[Available data]:
::::

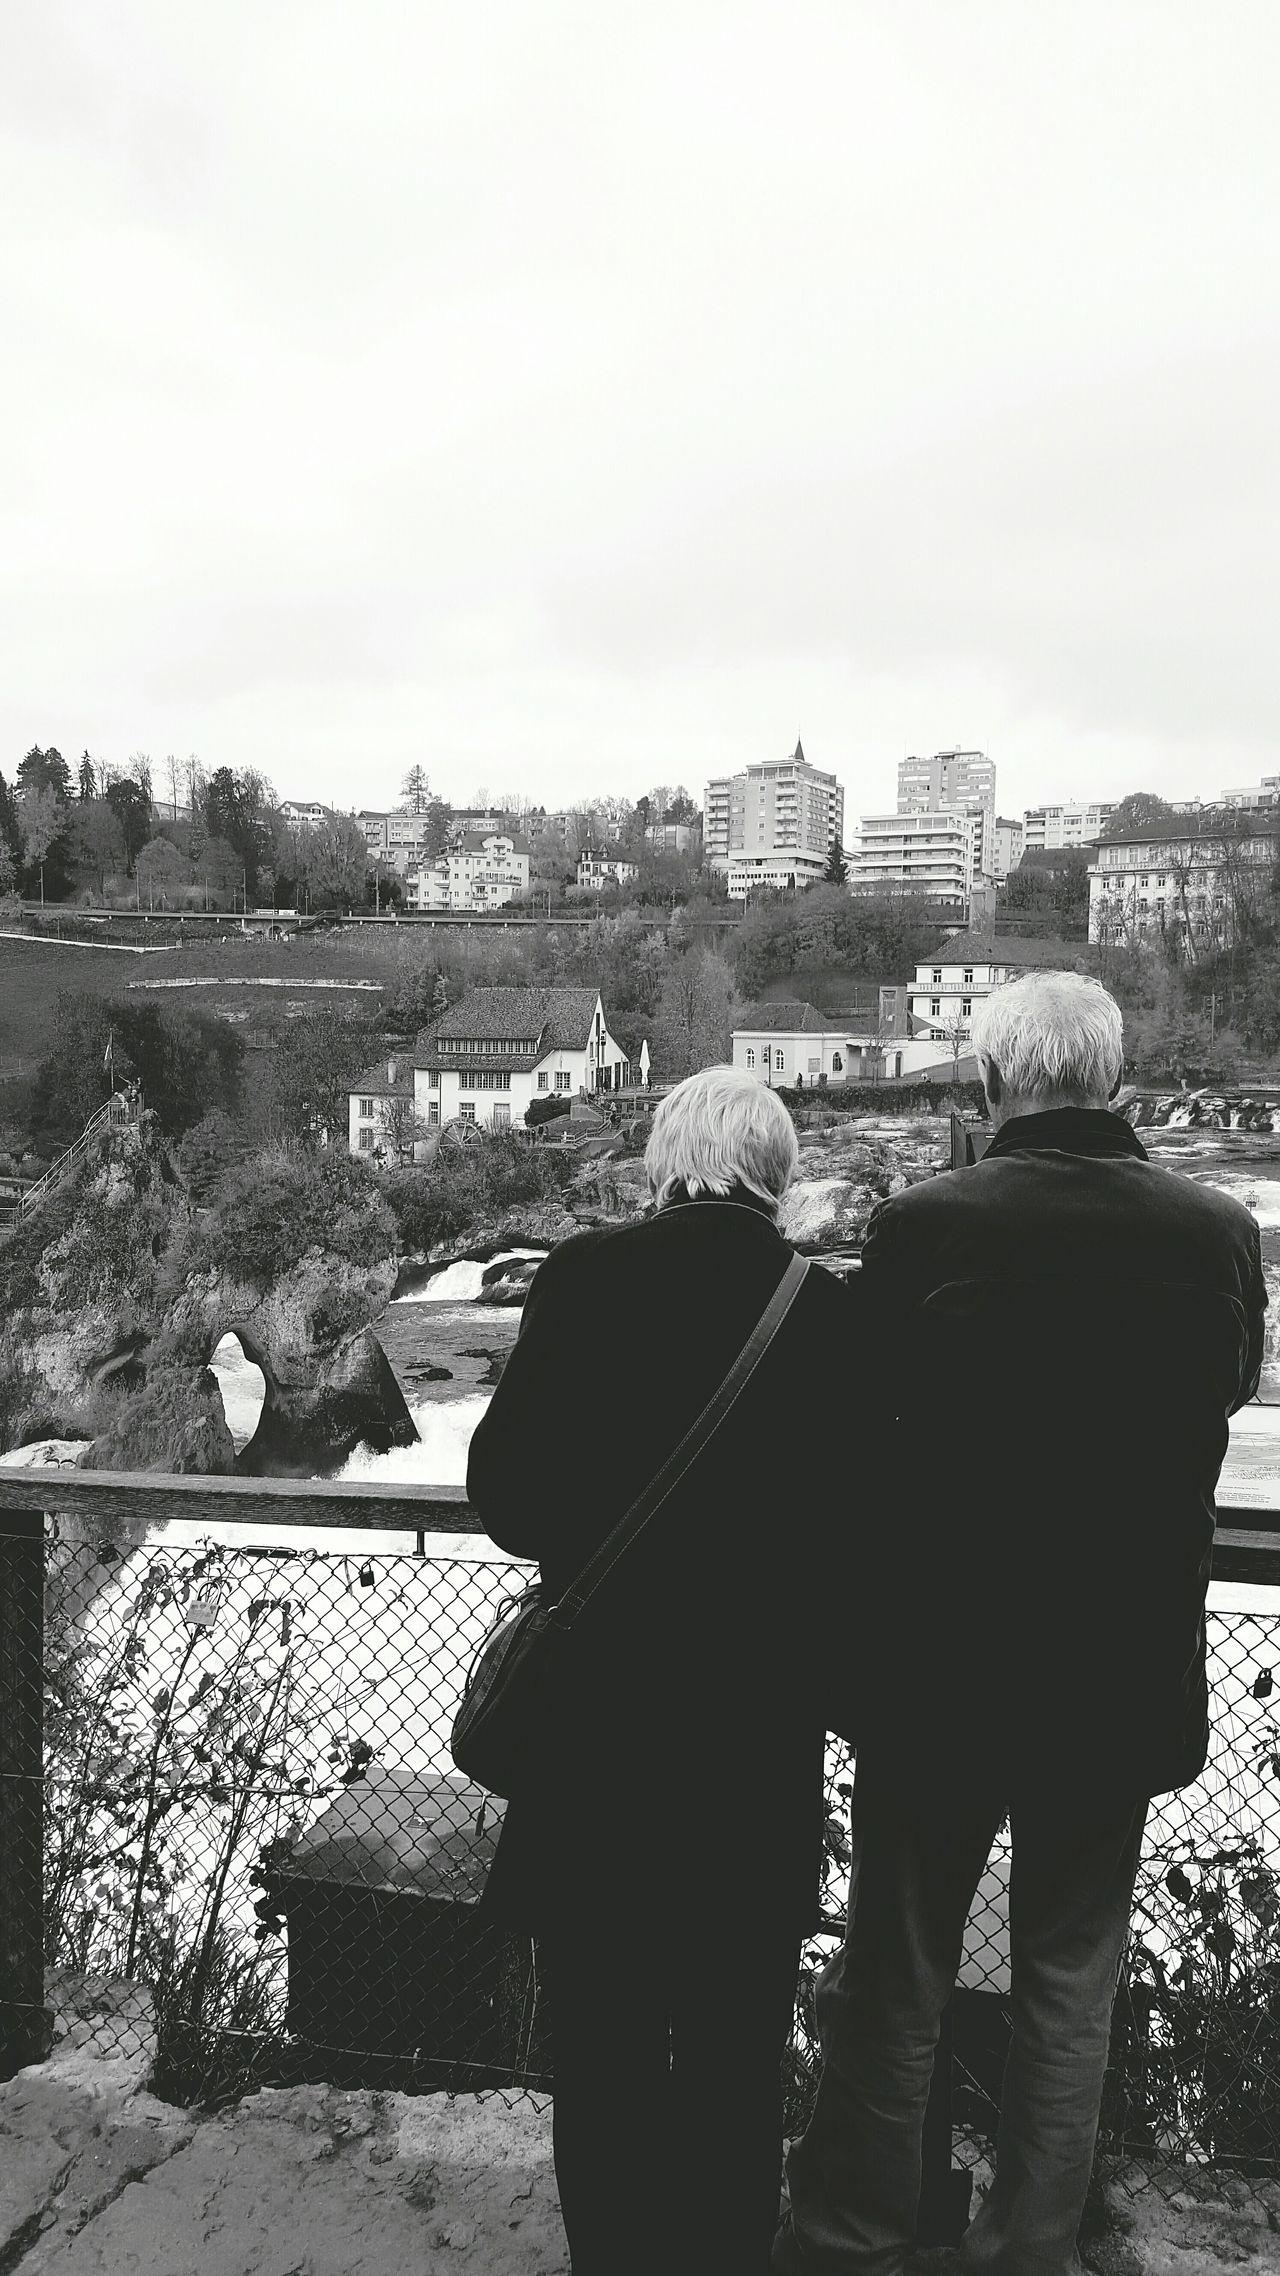 Scenic Couple Schweizerin People Watching Landscape Blackandwhite
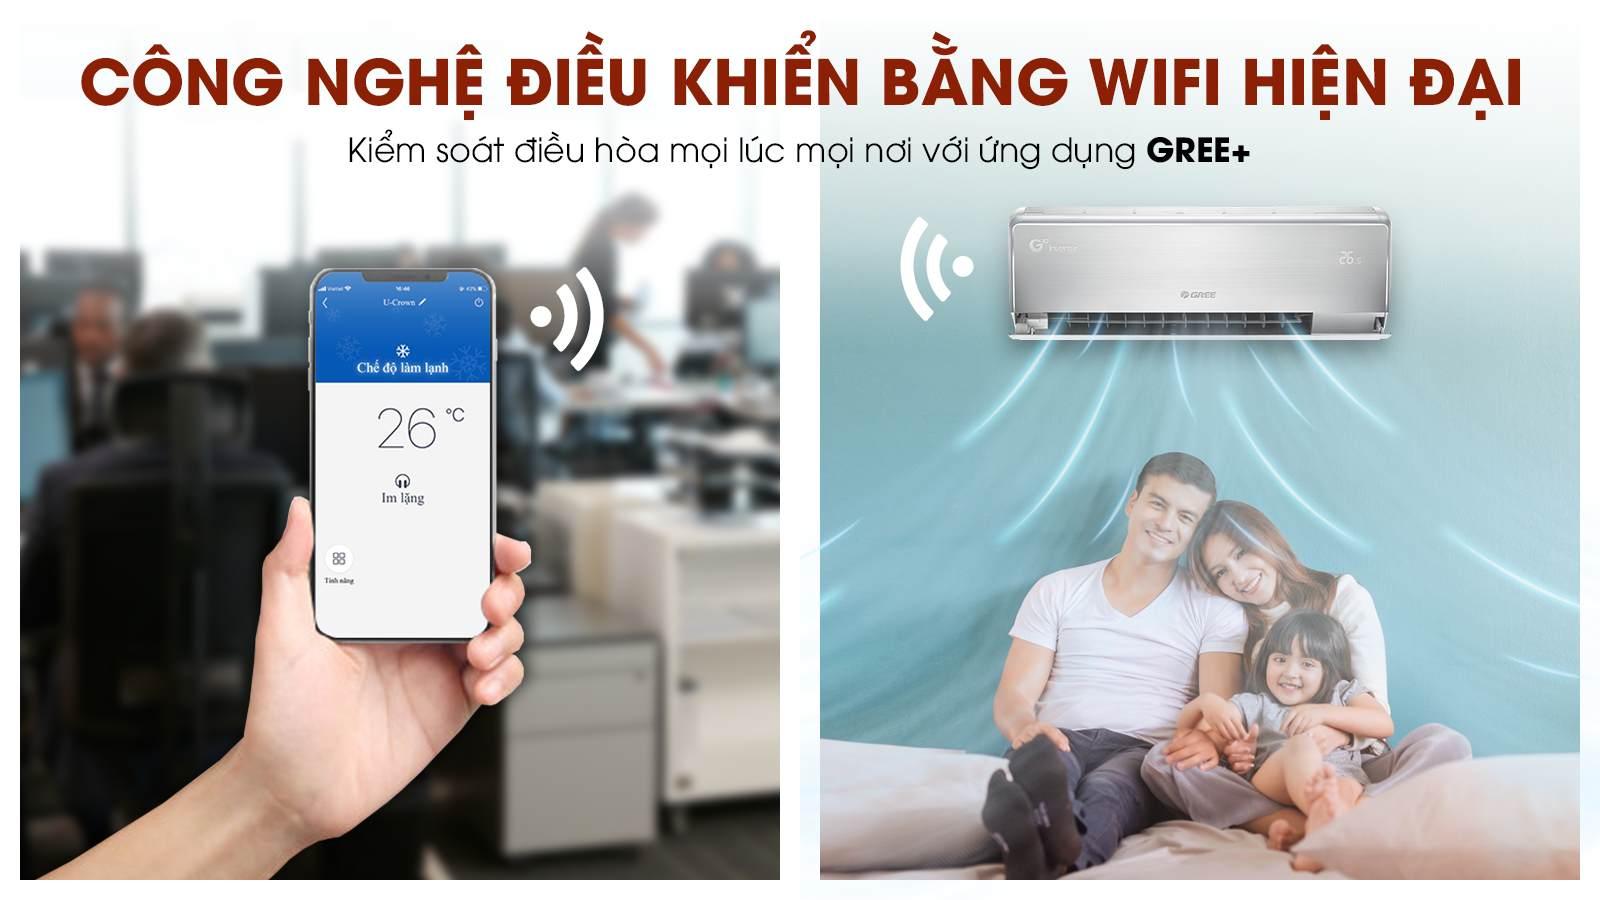 GWC09UB-S6D9A4A, kết nối Wifi
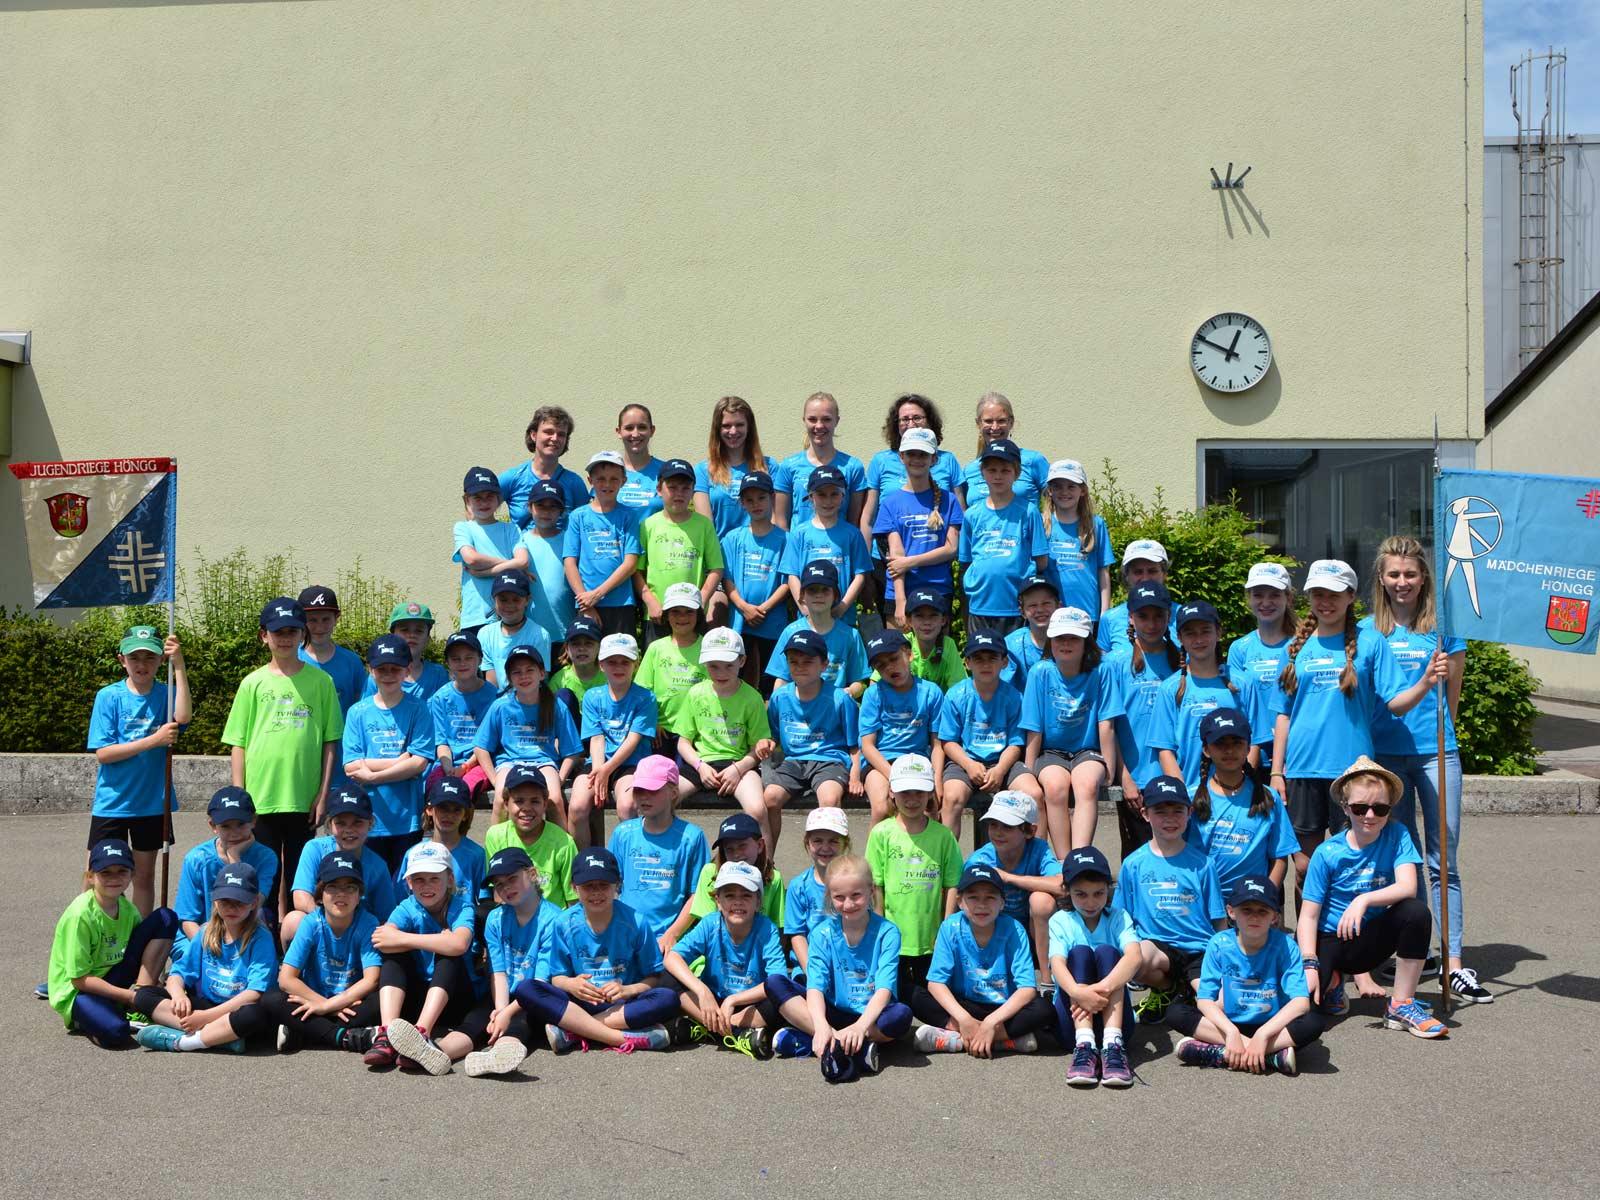 Die Kinder genossen den Jugendsporttag.

::::

[Problem to work on]: Once the pictures are set aside, restate the remaining data above exactly.

[Completed exercise]:
 Scenic Couple Schweizerin People Watching Landscape Blackandwhite
 GWC09UB-S6D9A4A, kết nối Wifi
 Die Kinder genossen den Jugendsporttag.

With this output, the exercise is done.